ドイツでの生活にも慣れ、次のステップとしての就職、転職、住環境の見直しなどから「ドイツ国内での引っ越し」を迎える方は少なくありません。日本国内の引っ越しと比べると、ドイツでのお部屋探しや退去手続き、行政上の手続きは非常に煩雑で、一筋縄ではいかない場面も多々あります。
特に仕事の転機と重なる場合やお子様の学校・幼稚園の転校手続きが加わる場合は、ビザ(滞在許可)の変更や各種行政手続きのタイミングを見誤ると、手続きが最初からやり直しになったり、余計なコストや通学の空白期間が発生したりすることも。
今回は、単身者からファミリーまで、ドイツ国内でスムーズに引っ越しを完了させるための手順と、知っておくべき実用的な注意点をステップ順に詳しく解説します。
引っ越しすることを決めた際に、最初に着手すべきなのは「現在申請中・進行中の手続きがないか」の確認です。
ドイツでは、住民票のある自治体(市役所や外人局、道路交通局など)が個人の手続きを一括管理しています。
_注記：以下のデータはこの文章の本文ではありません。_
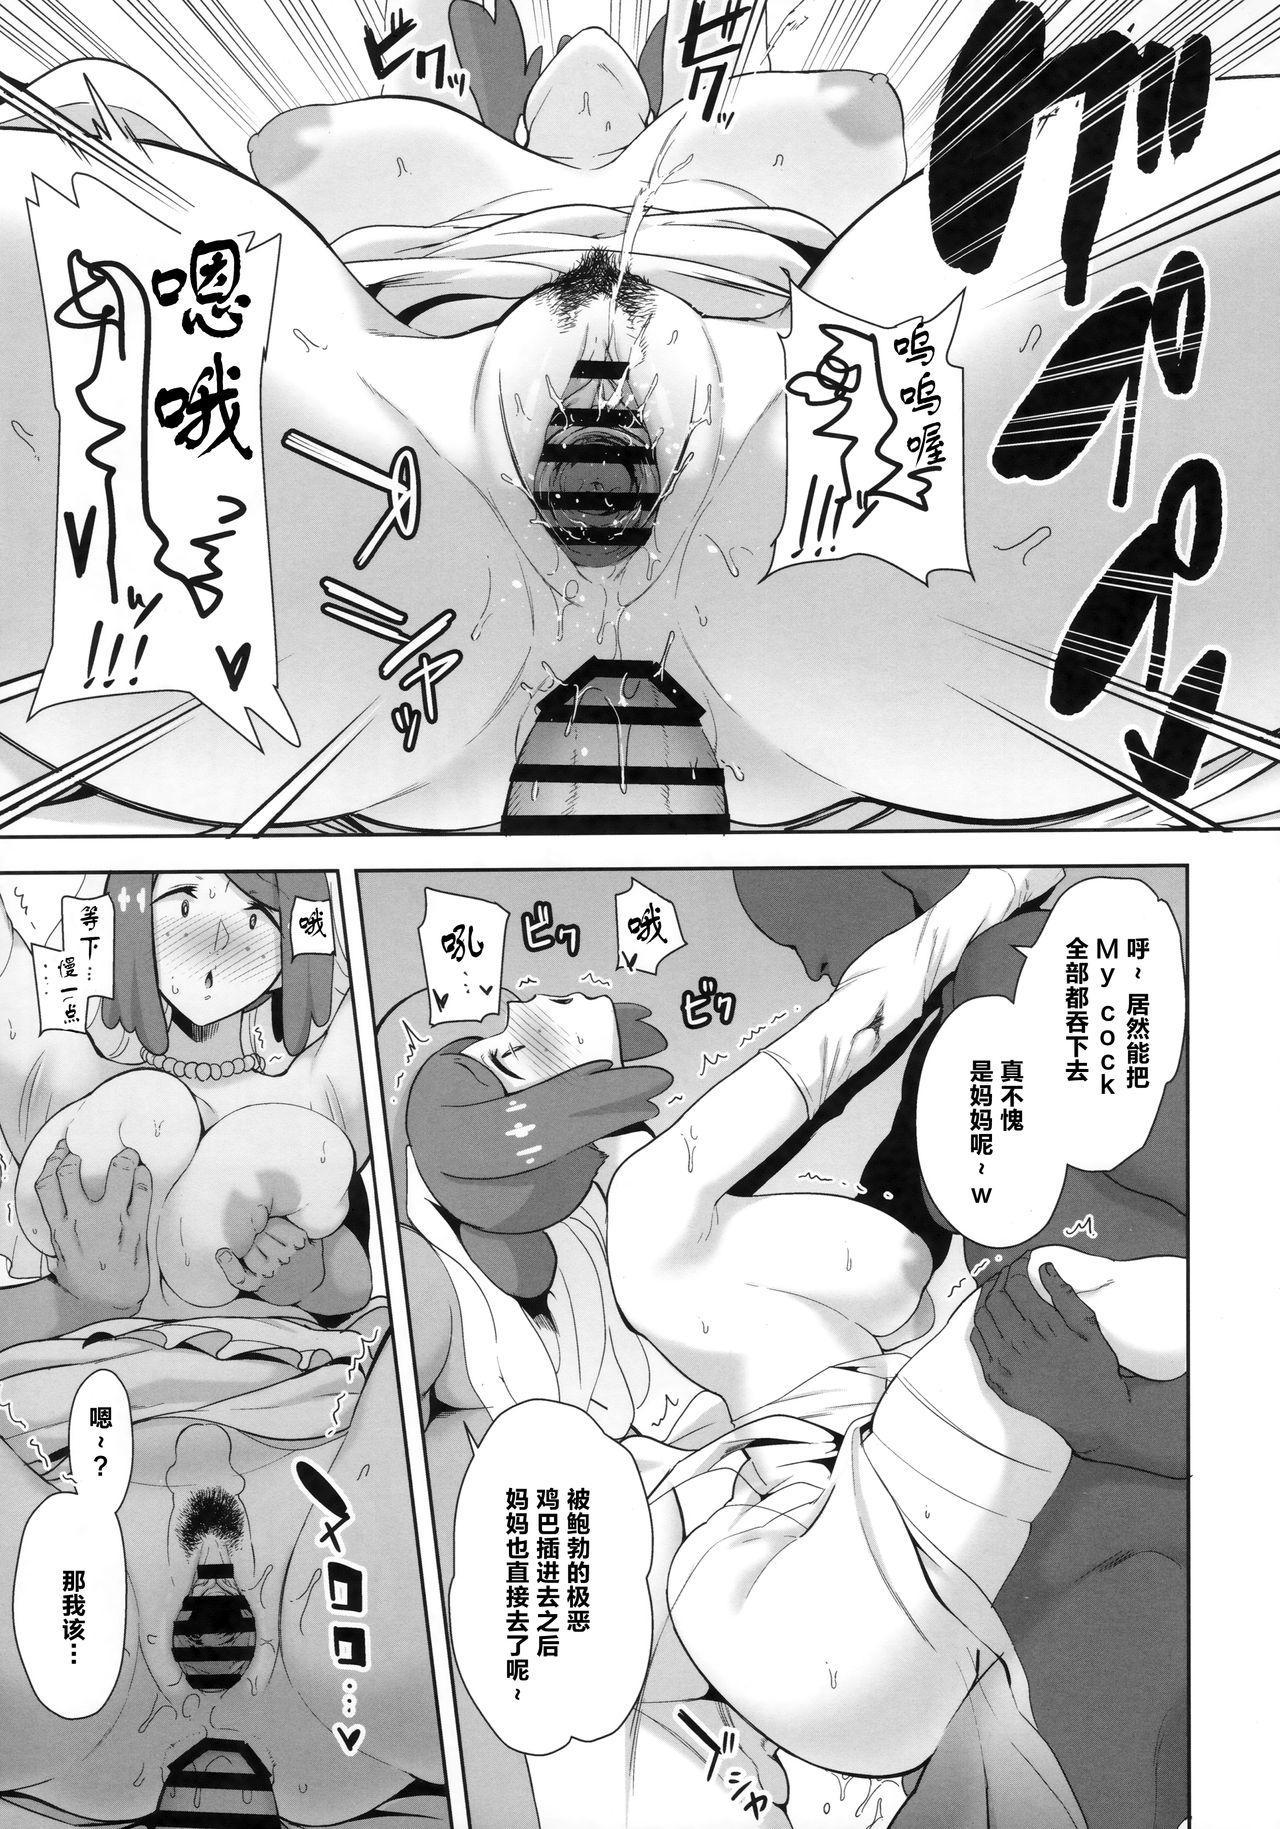 Alola no Yoru no Sugata 6 18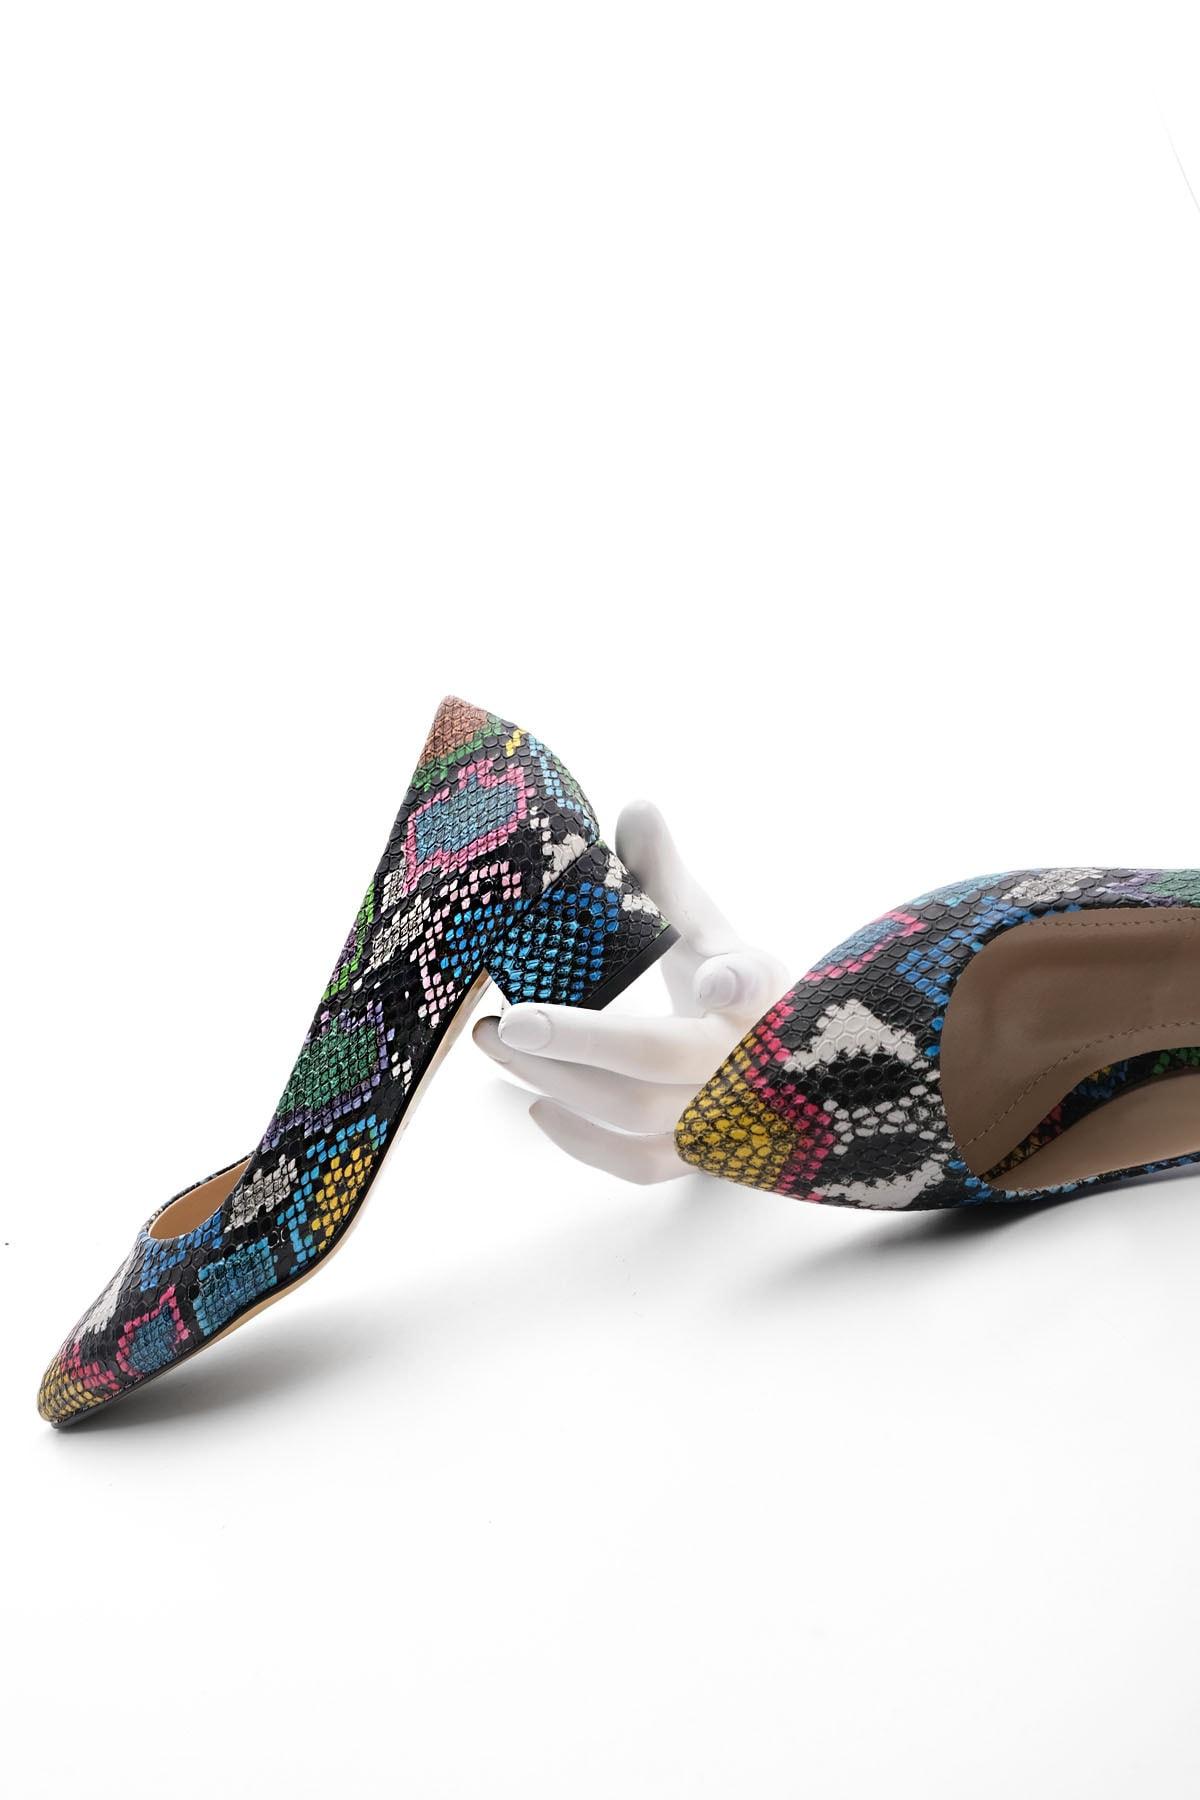 Kadın Günlük Klasik Topuklu Ayakkabı Apuntemulti 1

そのため、手続きの途中で住所を変更してしまうと、旧住所の管轄から新住所の管轄へと書類が移管されるまでに数ヶ月を要したり、最悪の場合は申請自体が却下されて最初からやり直しになったりすることがあります。
これらは申請から手元に届くまで1〜3ヶ月ほどかかるのが一般的です。
引っ越しのタイミングと重なる場合は、「旧住所で交付まで完了させてから引越す」か、あるいは「新居に引っ越して住民登録を済ませてから新たに申請する」のどちらかにスケジュールを割り切るのが鉄則です。
次に行うのが、現在住んでいる部屋の解約手続きです。ドイツの賃貸契約における退去ルールは非常に厳格に定められています。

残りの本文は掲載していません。